Indeed, presuming that a given time series is arrhythmic based on a high p value is mathematically flawed. A high p value means that the observed data could have easily been generated under the null hypothesis, but it does not formally necessitate that the null hypothesis must be accepted. In addition, the confidence with which a data series is declared to be “rhythmic” depends on experimental details chosen by the investigator as discussed above. Simple binary divisions such as “rhythmic” and “arrhythmic” are thus capricious.
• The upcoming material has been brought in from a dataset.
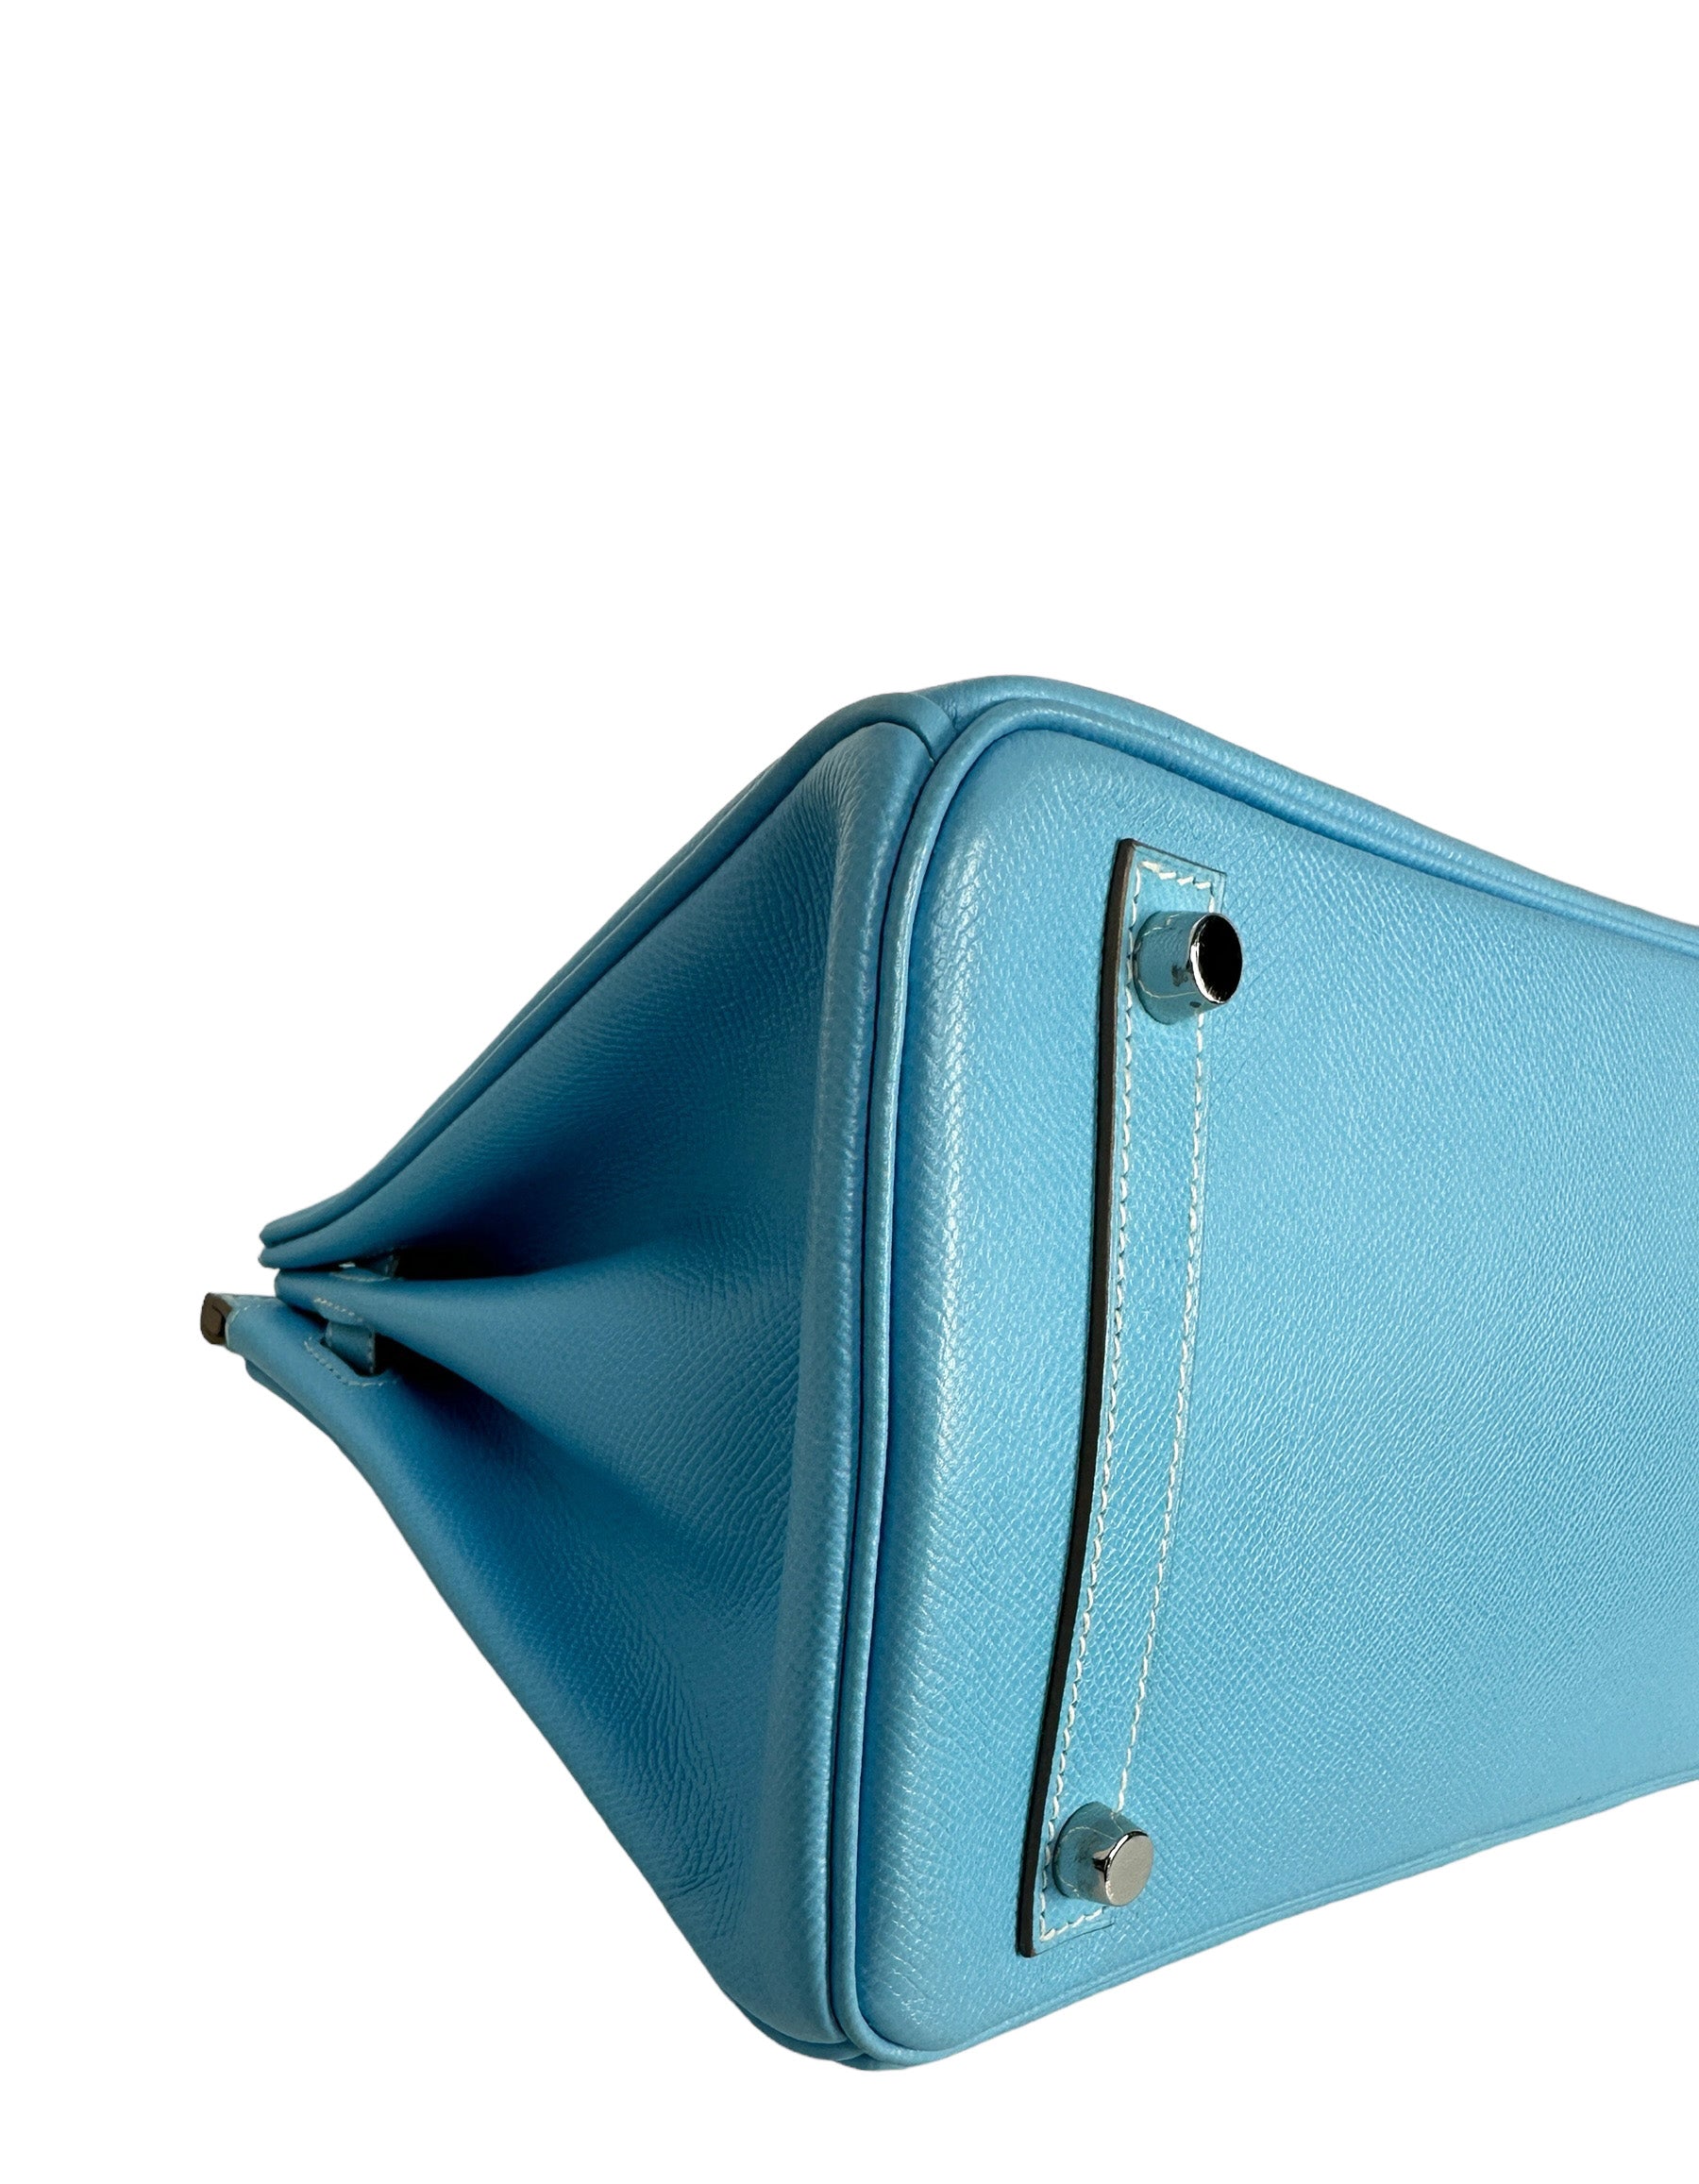 Hermes Blue Celeste/ Mykonos Epsom Leather 30cm Candy Birkin Bag PHW

In short, it is hard to define an “index of arrhythmicity” for time-series data using established tools. We note that the field could benefit from a more rigorous statistical definition of arrhythmicity (Text Box 2.2), perhaps based on how much of the variance in a time series is explained by rhythmicity.
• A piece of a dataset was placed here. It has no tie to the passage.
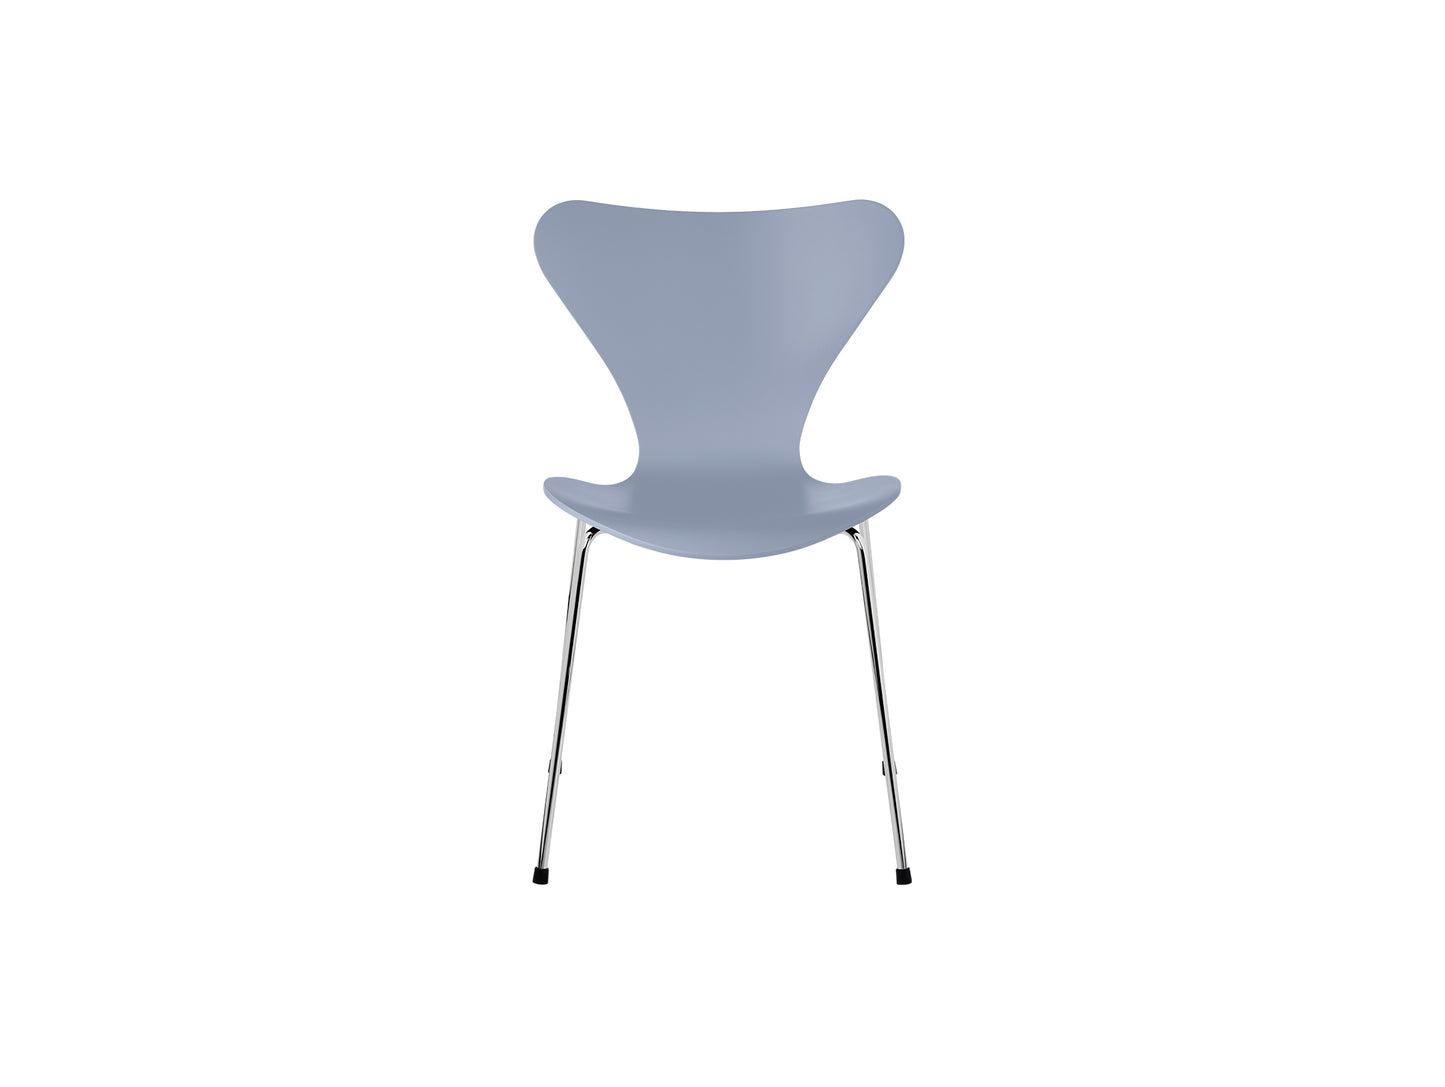 Series 7™ 3107 Dining Chair by Fritz Hansen - Lavender Blue Lacquered Veneer Shell / Chromed Steel

An alternative to solving the significance problem is to focus on the assessment of rhythmic parameters such as period, phase, amplitude, and fold change. In many cases, the cardinal circadian parameters more accurately describe the underlying biological phenomena than abstract p values. However, we note that accurate and reliable estimation of rhythmic parameters is a different and tougher statistical challenge than simply determining whether a time series is rhythmic. Small changes in period length, for example, are often beyond the resolution offered by a typical “-omics” experiment. We encourage the development of more rigorous statistical methods for comparing rhythmic parameters and the more general use of existing tools. An expansion of JTK_Cycle took a first step toward this by calculating confidence intervals for amplitude measurements (Miyazaki et al., 2011). We note that this method relies on fitting the data to a cosine curve, which can be statistically problematic depending on the shape of the rhythmic time series (Janich et al., 2015). Furthermore, a recently released method called DODR (Thaben and Westermark, 2016) can be used for quantifying differences in rhythmic parameters. Taken together, we look forward to the field routinely using robust statistical methods for comparing perturbations of rhythmic parameters (Text Box 2.3).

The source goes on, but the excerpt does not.